(Provided data begins)
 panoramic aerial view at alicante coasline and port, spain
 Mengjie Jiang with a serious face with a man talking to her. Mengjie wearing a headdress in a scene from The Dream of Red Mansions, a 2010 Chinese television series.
(Provided data ends)
(Provided data begins)
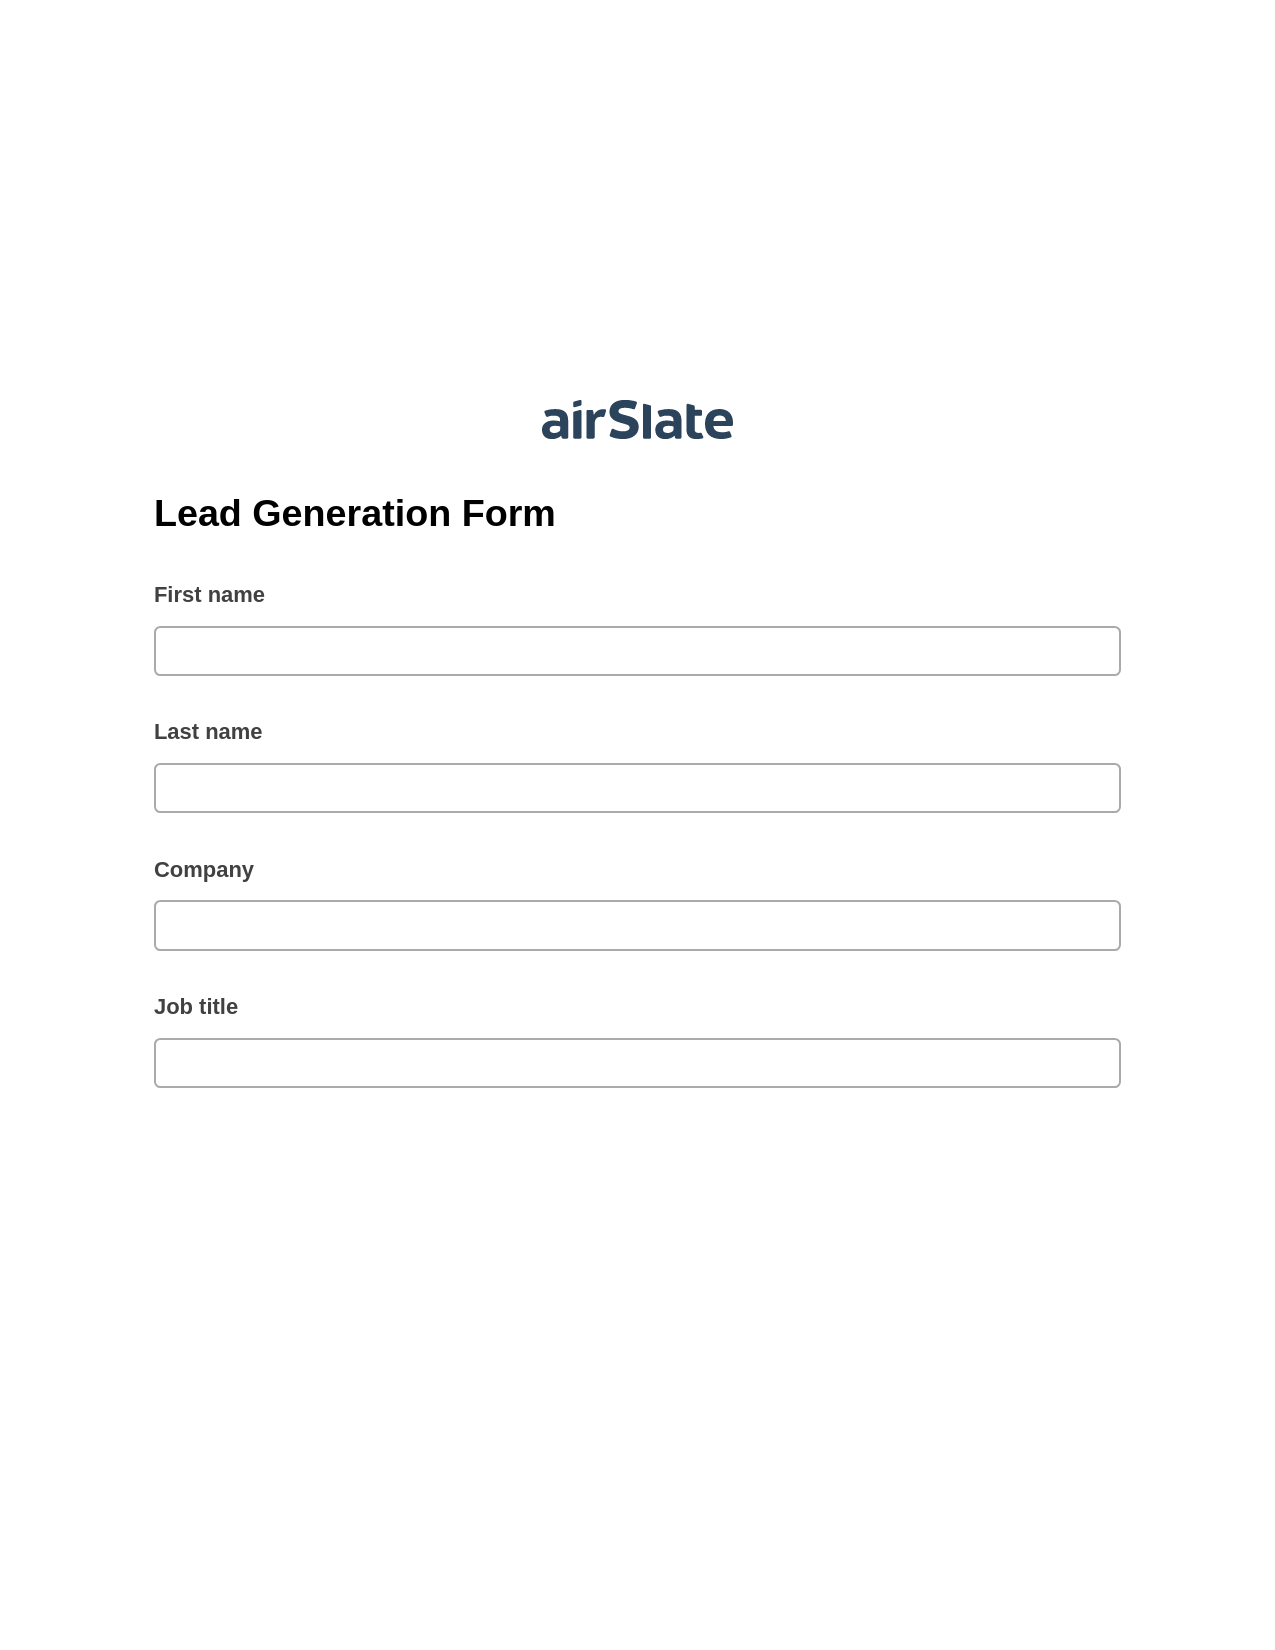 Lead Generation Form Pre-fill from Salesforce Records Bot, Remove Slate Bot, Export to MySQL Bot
(Provided data ends)
**Work task:**
Your task for the entries above: copy exactly the span starting with the line with "panoramic aerial view" and going on through the line with "Mengjie Jiang with", both lines included, and nothing else.

**Completed exercise:**
 panoramic aerial view at alicante coasline and port, spain
 Mengjie Jiang with a serious face with a man talking to her. Mengjie wearing a headdress in a scene from The Dream of Red Mansions, a 2010 Chinese television series.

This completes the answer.